*Records supplied:*

======

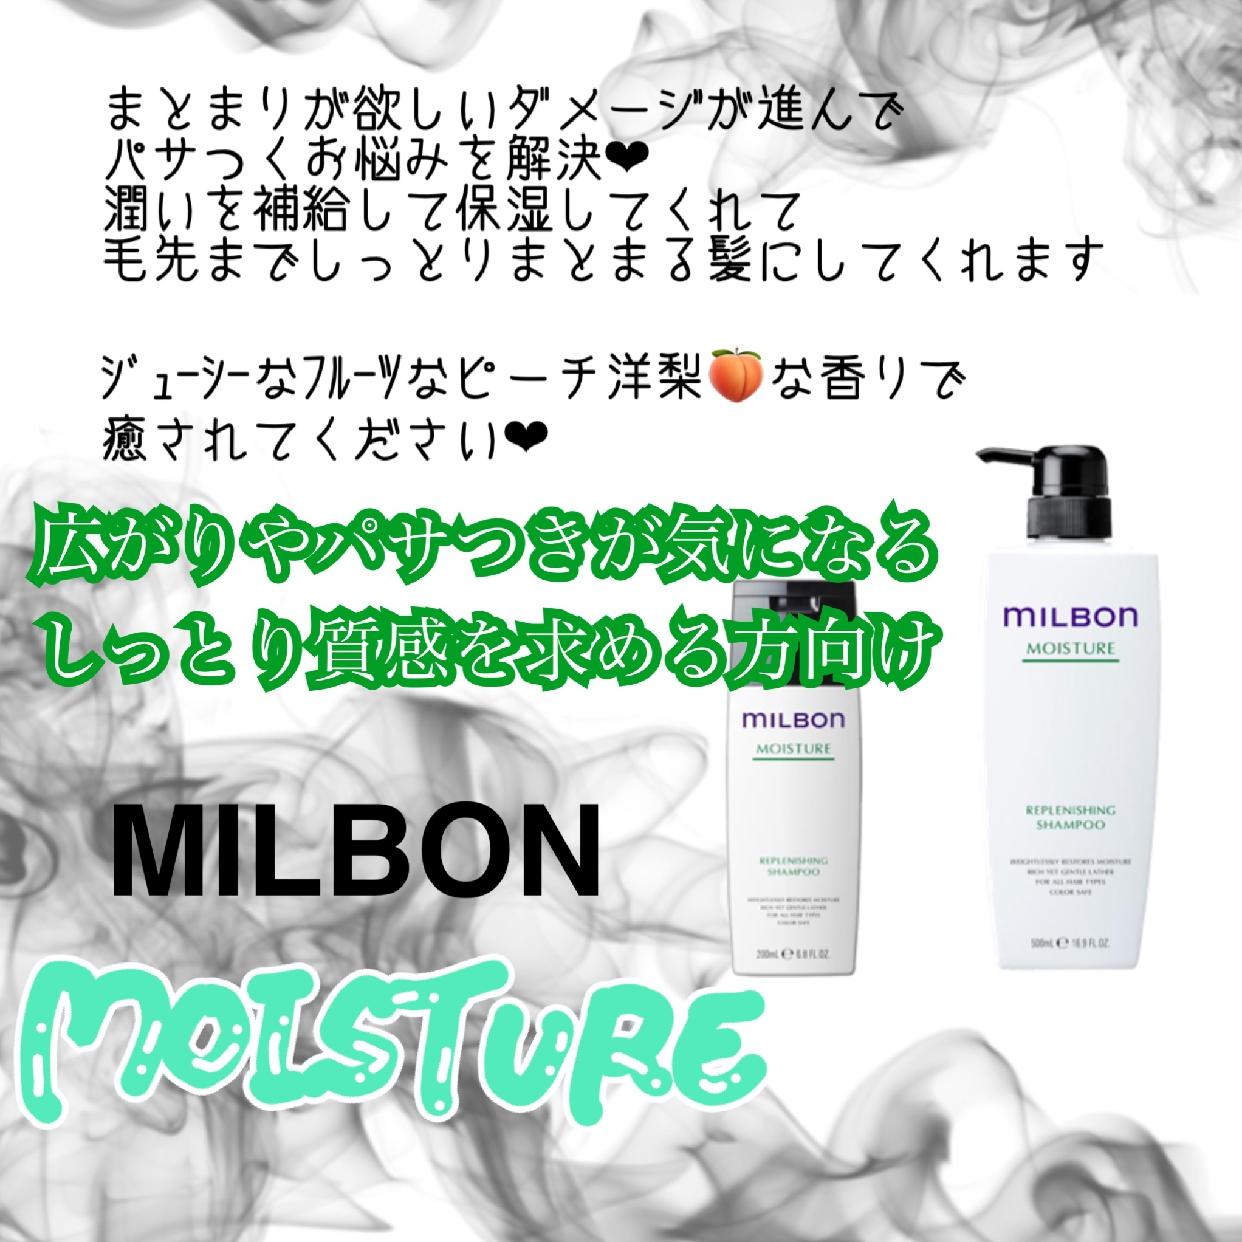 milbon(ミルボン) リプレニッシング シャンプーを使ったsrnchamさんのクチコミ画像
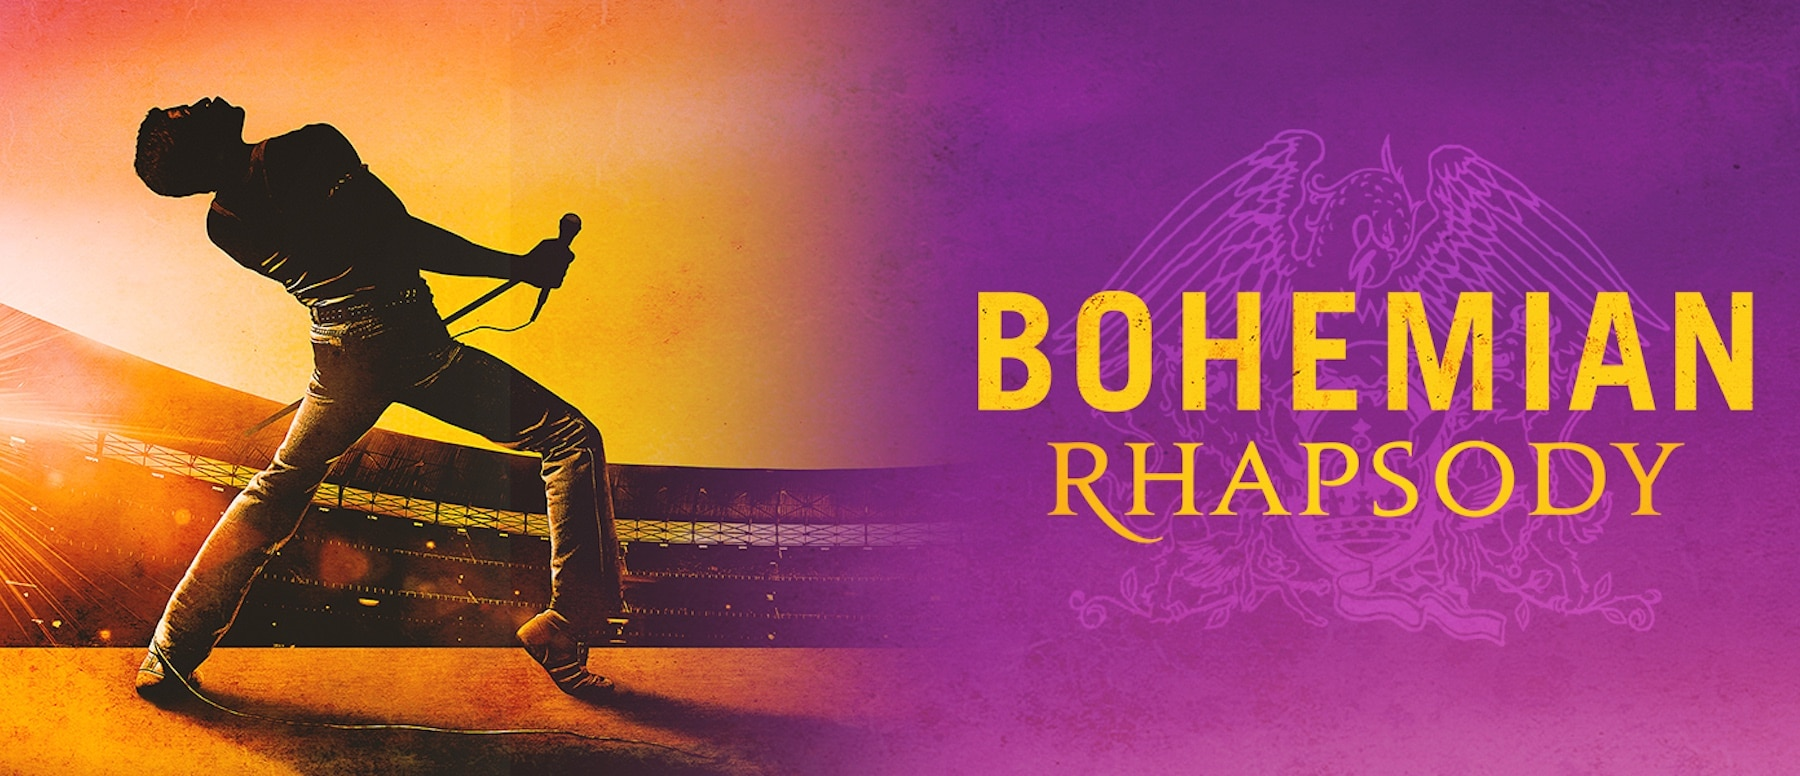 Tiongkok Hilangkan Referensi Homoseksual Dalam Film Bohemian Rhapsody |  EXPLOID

======

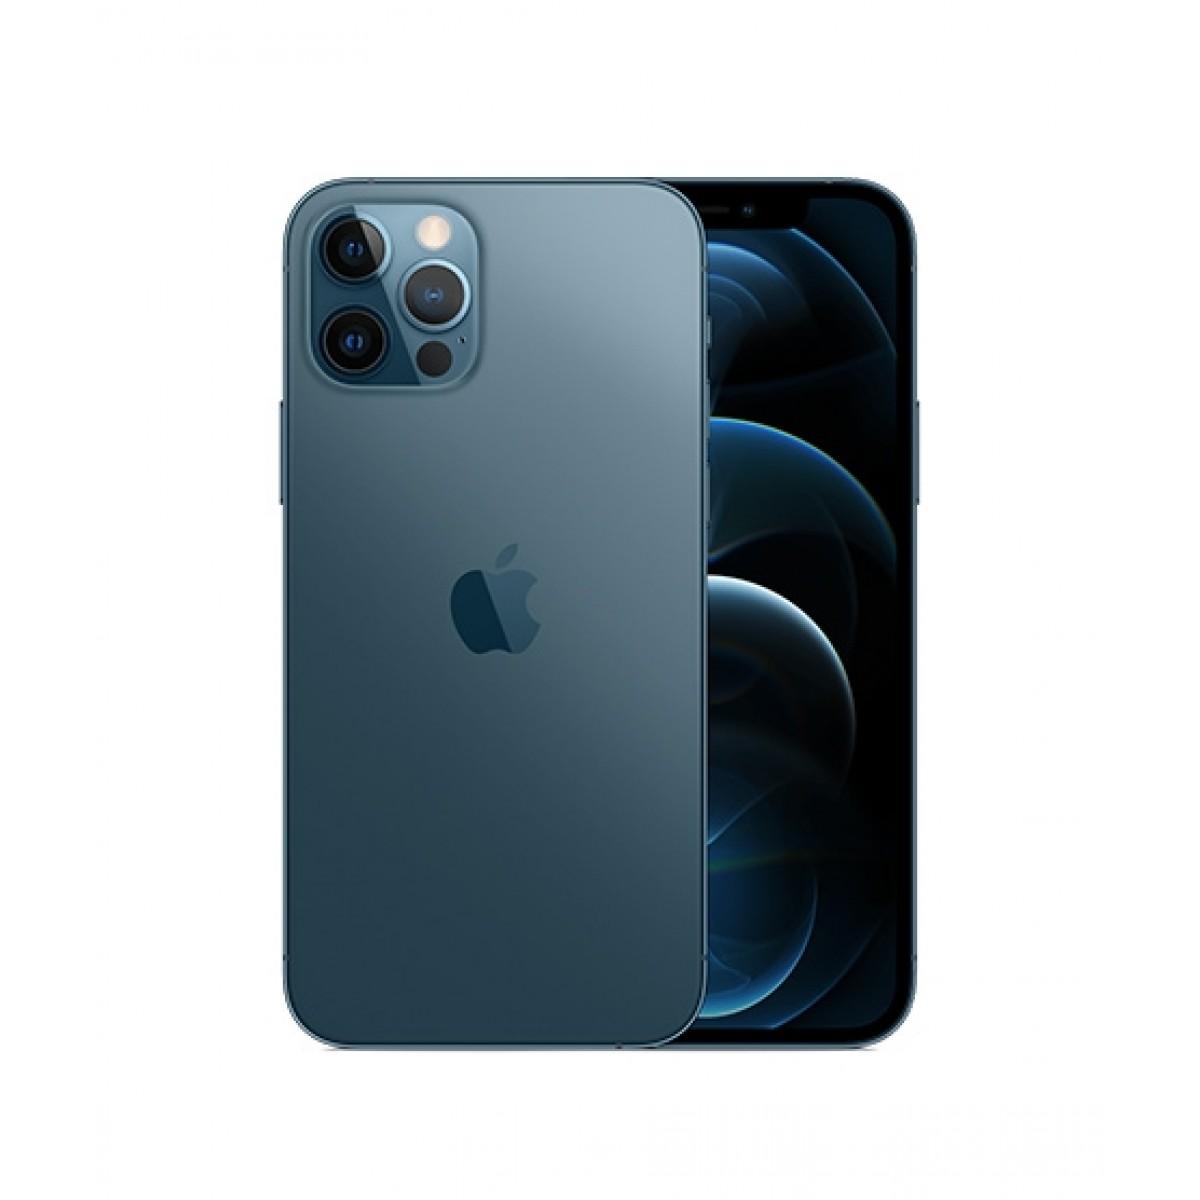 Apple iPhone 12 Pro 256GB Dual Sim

======

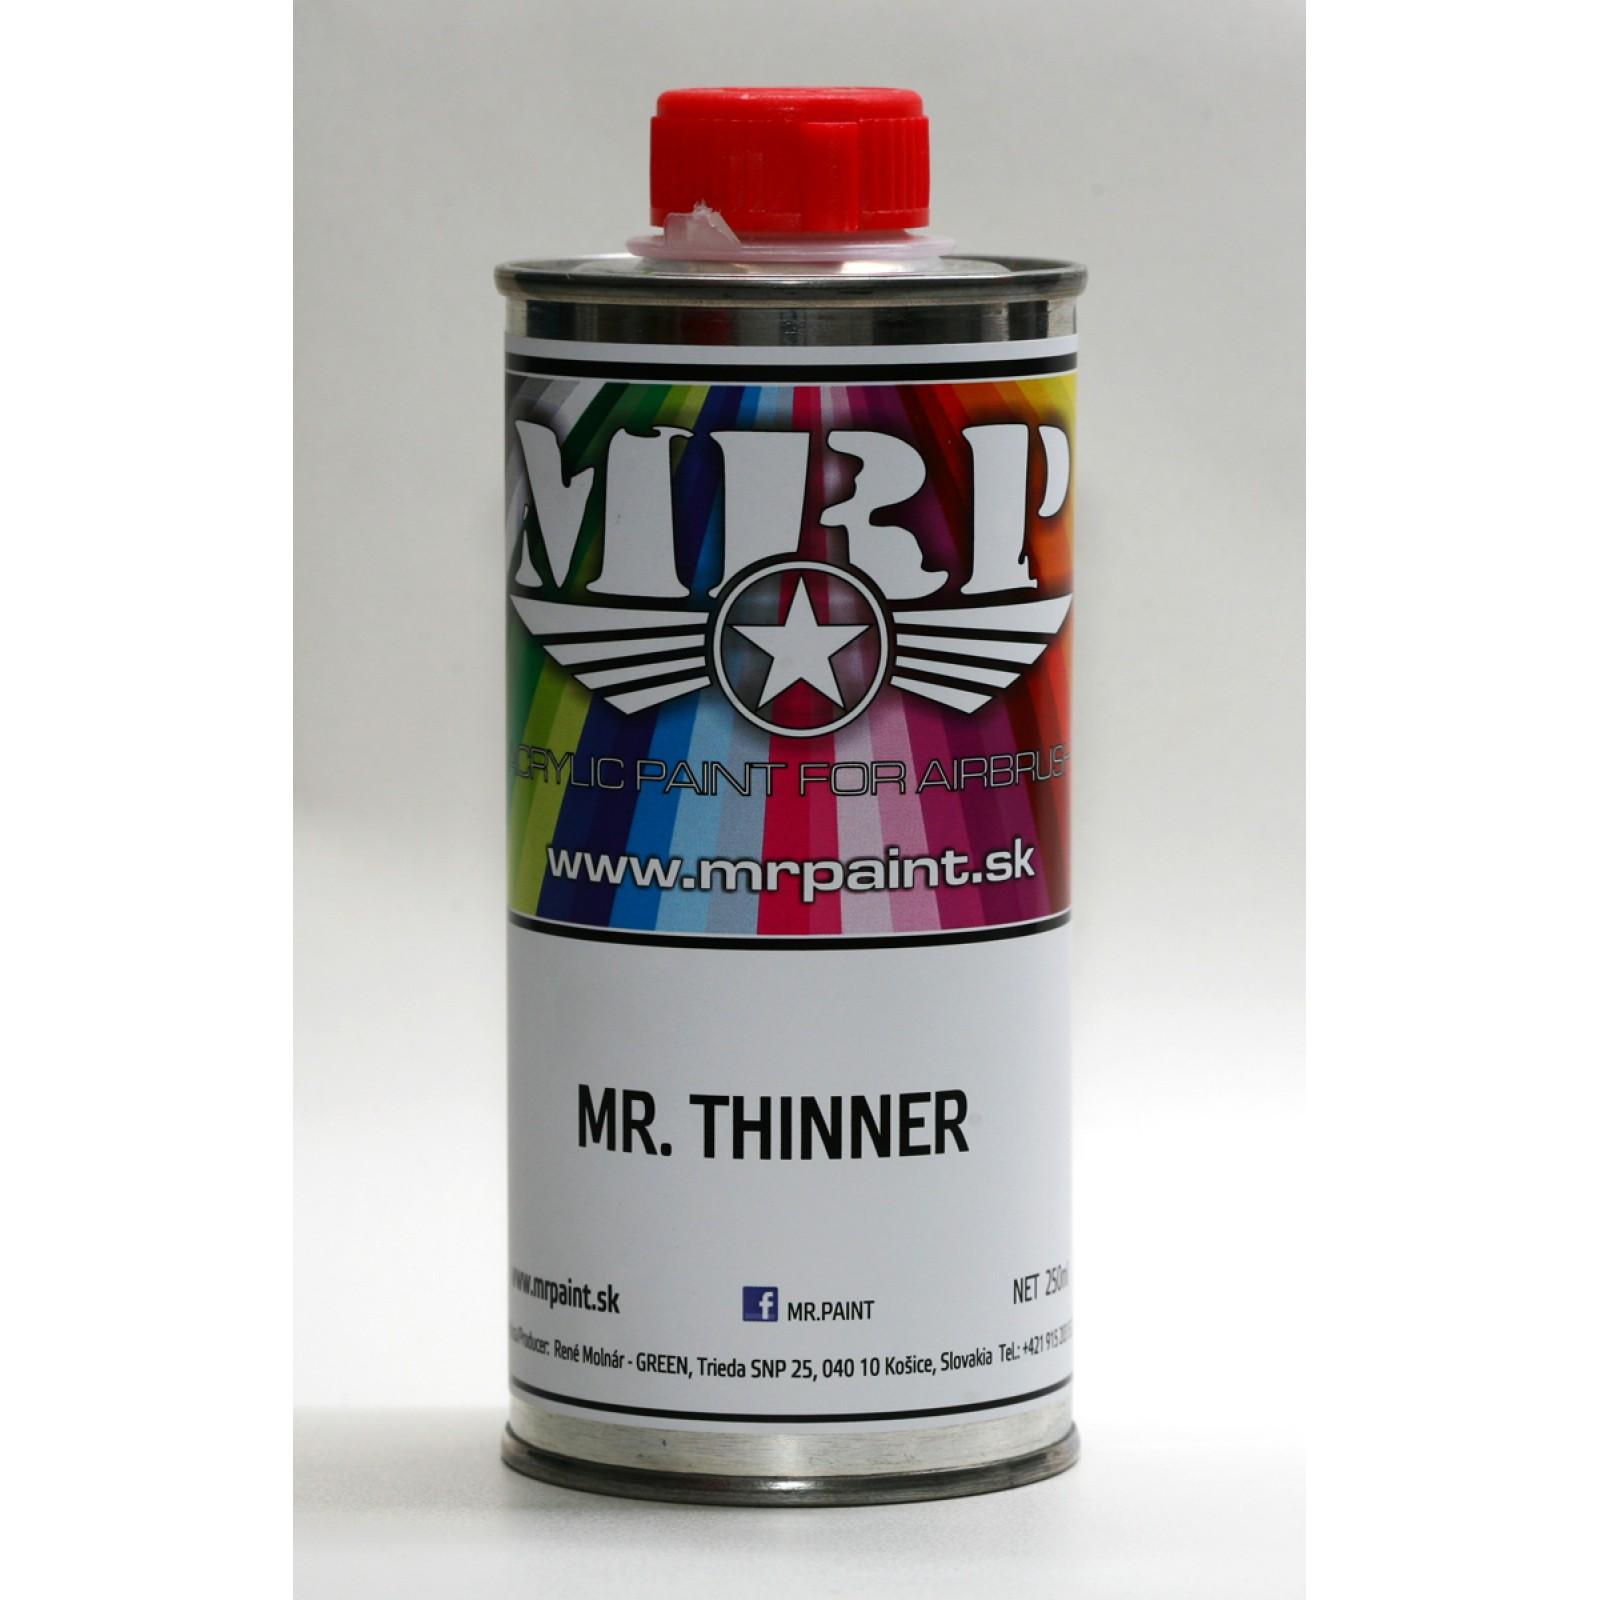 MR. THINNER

======

*Task description:*
Copy out exactly the material that runs from the line with "milbon(ミルボン) リプレニッシング シャンプーを使ったsrnchamさんのクチコミ画像" to the line with "Tiongkok Hilangkan Referensi", ends included, and leave the pictures behind.

*Written answer:*
 milbon(ミルボン) リプレニッシング シャンプーを使ったsrnchamさんのクチコミ画像
 Tiongkok Hilangkan Referensi Homoseksual Dalam Film Bohemian Rhapsody |  EXPLOID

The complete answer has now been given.